A witness in a highly publicized trial gets on the stand and tells his story, and almost everyone believes him—until he is cross-examined, and then almost no one believes him. It’s the way things work in court. It’s what makes a trial real-life theatre. And it’s why both the main courtroom and the overflow room were packed the day Mark Smich took the witness stand.
FIFTEEN
TEAM SMICH
Nadir Sachak’s cross-examination of Mark Smich begins with the close-up photo of the Walther PPK in Smich’s dirty fingers. “Please tell us,” says Sachak. “Where is that gun?”
Smich shakes his head. “I don’t know.”
Sachak informs him that there are three detectives who worked on the case in the courtroom. “Tell them now. Where did you bury that gun?”
“Sir, I was under a lot of shock and stress. I was paranoid. I don’t know where it is.”
“Did you really bury that gun, or is it somewhere else right now?” Sachak asks. “Help me out. What day was it?”
“It would have been the day or night that my sister came and all the stuff happened,” says Smich, who can’t pinpoint the date but remembers his sister Andrea yelling at him to get his belongings out of the house. “The same day where I wasn’t able to sell it.”
Sachak tells him that the gun could have fingerprints, DNA from the shooter, or blood and DNA from Tim Bosma on it. “That gun you buried could have been tested by three police forces—the very gun that may have one hundred percent proof of who held it when it was fired,” he says. “The jury will never get the benefit of seeing that gun, because you buried it.”

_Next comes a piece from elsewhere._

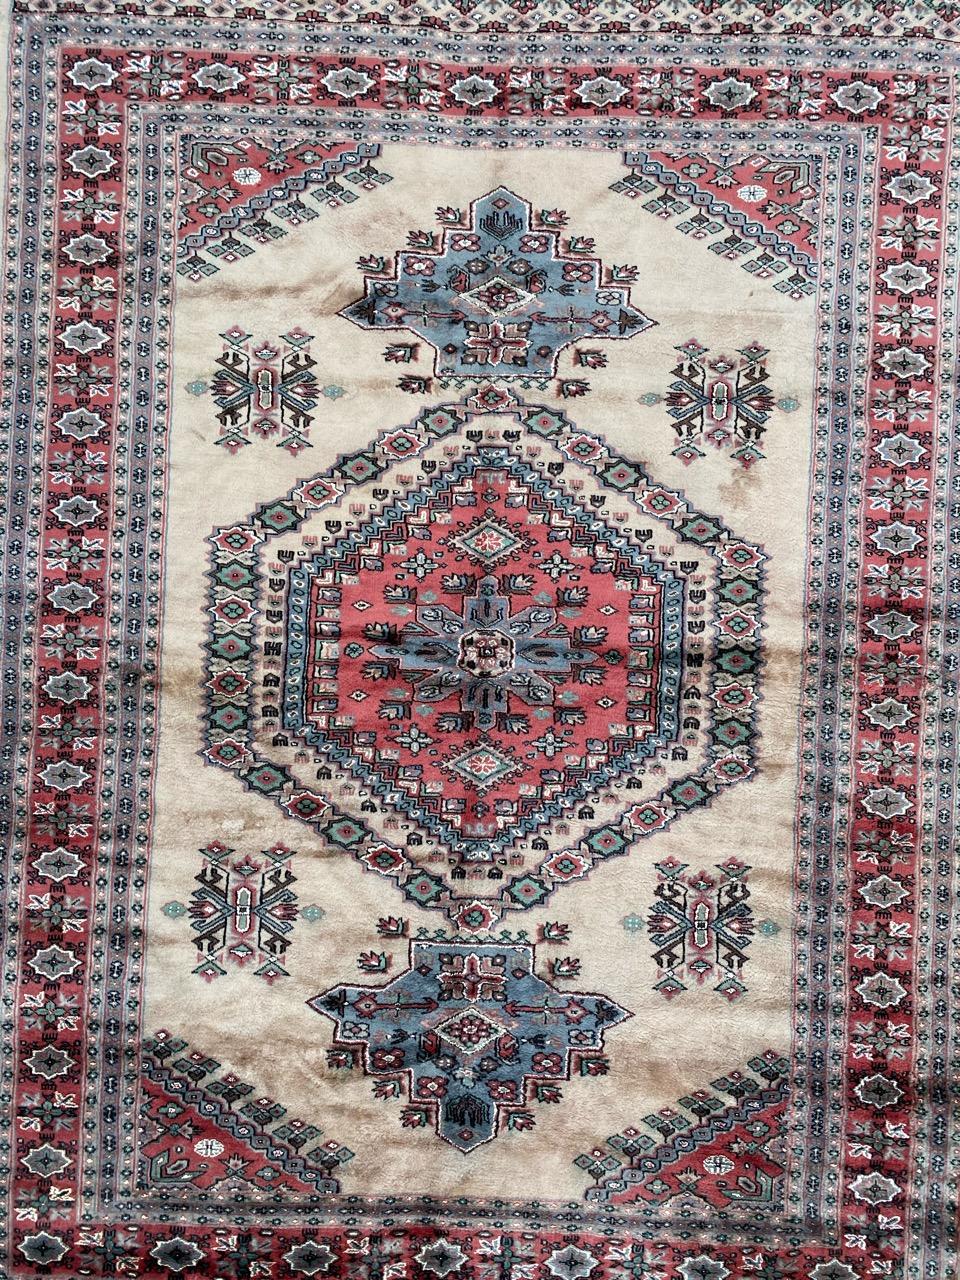 Schöner Teppich aus der Mitte des Jahrhunderts mit schönem geometrischem Muster und schönen Farben, komplett handgeknüpft mit Wolle und Seidensamt auf Baumwollbasis.

✨✨✨

Smich quickly tries to shift the blame for the gun’s disappearance to his one-time friend Brendan Daly, who he says gave him the idea to bury it. Sachak responds that Smich alone bears responsibility and points out that he has refused for three years to disclose the gun’s whereabouts. To make his point, he plays the video of Smich’s police interrogation on May 22, 2013, the day of his arrest. It shows Smich, wearing his customary grey hoodie, huddled in a corner on a chair with a large white blanket covering one shoulder and his lap. He looks like a drug addict, a different person from the clean-cut man on the witness stand. In the video, he is being questioned by Detective Matt Kavanagh, who is playing good cop. “Where’s the gun, son? Where’s the gun?” Kavanagh asks. “Bring some peace to [the Bosma] family.” Smich turns away in his seat, holding his shoulder and saying nothing.